ACTIVITY
DETAILS
ACTIVITY
DETAILS
SCOPE
This project explores the statistical characteristics of FIFA 21 player data sourced from Kaggle. The goal is to apply foundational statistical concepts to a real-world sports dataset, enabling better understanding of how variables can be identified, measured, and analyzed. The dataset contains over 19,000 player records with details like age, nationality, position, height, weight, and overall rating.
The key objectives of this project are:
To categorize the variables in the dataset as categorical or numerical based on their nature.
To identify the scale of measurement (nominal, ordinal, interval, ratio) appropriate for each variable.
To distinguish between discrete and continuous numerical variables with proper justification.
To create meaningful visualizations such as bar charts, histograms, and scatter plots to reveal patterns and trends in the data.
To interpret the visualizations and provide statistical reasoning for their selection.
By completing this project, we demonstrate our ability to analyze a large real-world dataset using fundamental statistical tools, laying the groundwork for more advanced data analysis in future courses.
The dataset used is from Kaggle - FIFA 21 Complete Player Dataset, which contains detailed statistics of football players featured in FIFA 21 by EA Sports.
Source citation:
Bryanb (2020).

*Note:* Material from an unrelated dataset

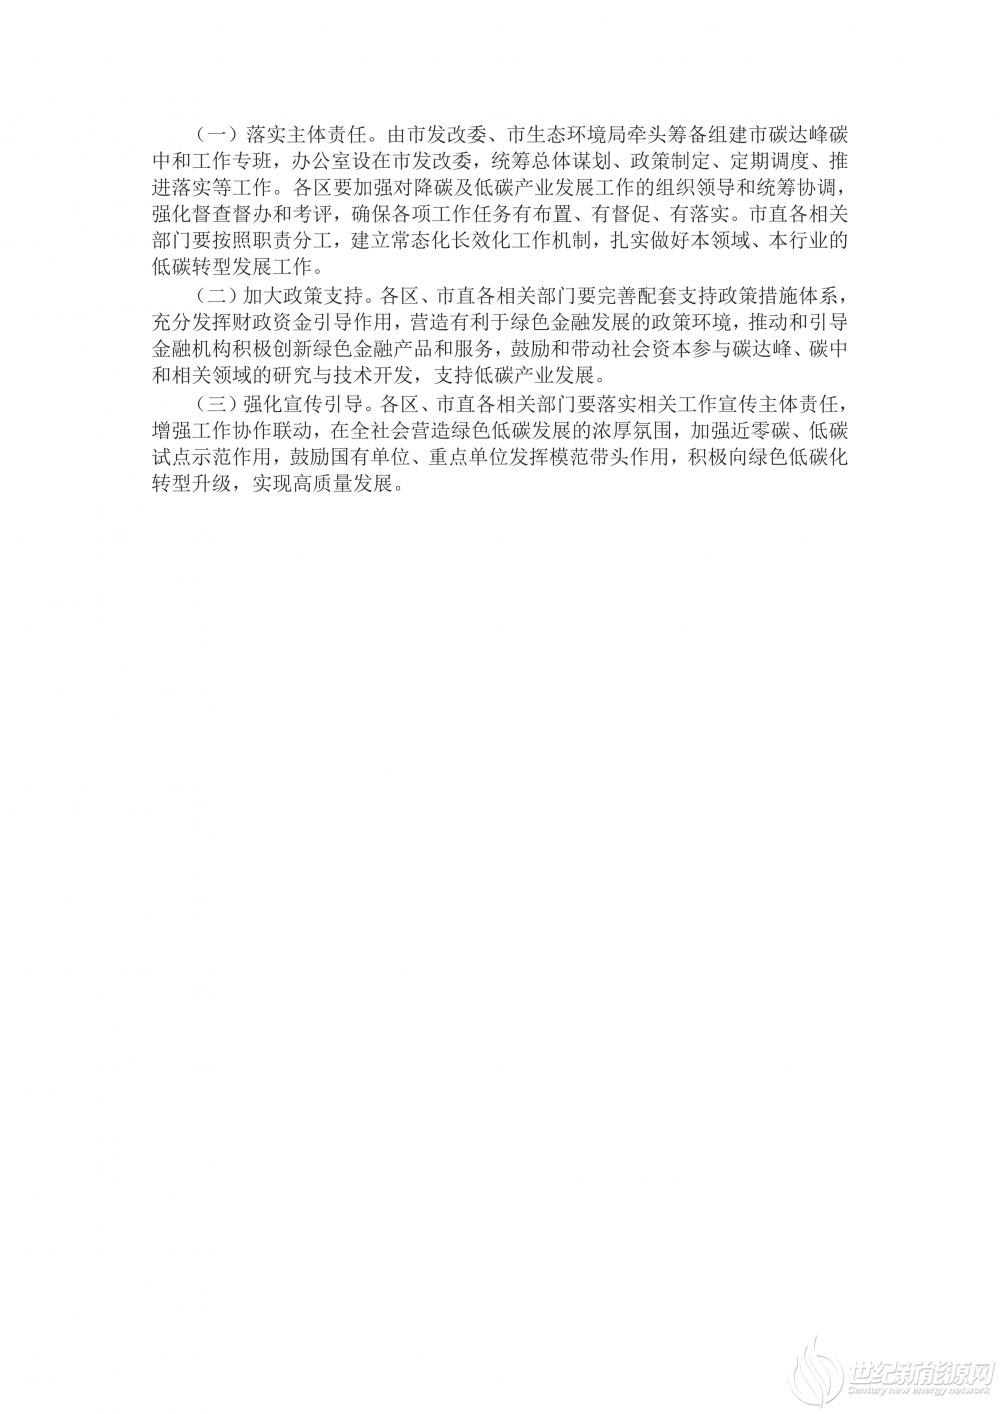 武汉市_4

FIFA 21 Complete Player Dataset. Retrieved from Kaggle: https://www.kaggle.com/datasets/bryanb/fifa-player-stats-database
This table classifies football player data into categorical and numerical variables.(all comparison data uploaded on activity-1 page)
○Categorical variables (like name, nationality, preferred foot, and position) represent labels or categories and are not measurable in a numeric sense.
○Numerical variables (like age, height, weight, and overall rating) are measurable quantities and can be used for arithmetic operations.
Understanding the type of variable helps determine which statistical methods are appropriate for analysis and visualization.
Variables are categorized based on their measurement scale:
Nominal: Categories with no order (e.g., Name, Nationality).
Ordinal (not shown here): Categories with order.
Interval: Numeric scale with equal intervals but no true zero (e.g., Overall Rating).
Ratio: Numeric scale with a true zero and meaningful ratios (e.g., Age, Height, Weight).
Variables can be:
Discrete: Countable, often whole numbers (e.g., Age, Overall Rating).
Continuous: Can take any value within a range, measurable with decimals (e.g., Height, Weight).
Visualizations help interpret data effectively:
Bar charts: Used for categorical data (e.g., Preferred Foot, Position).
Histogram: Ideal for frequency of numerical data (e.g., Age).
Scatter plot: Shows relationships between two numerical variables (e.g., Height vs. Weight).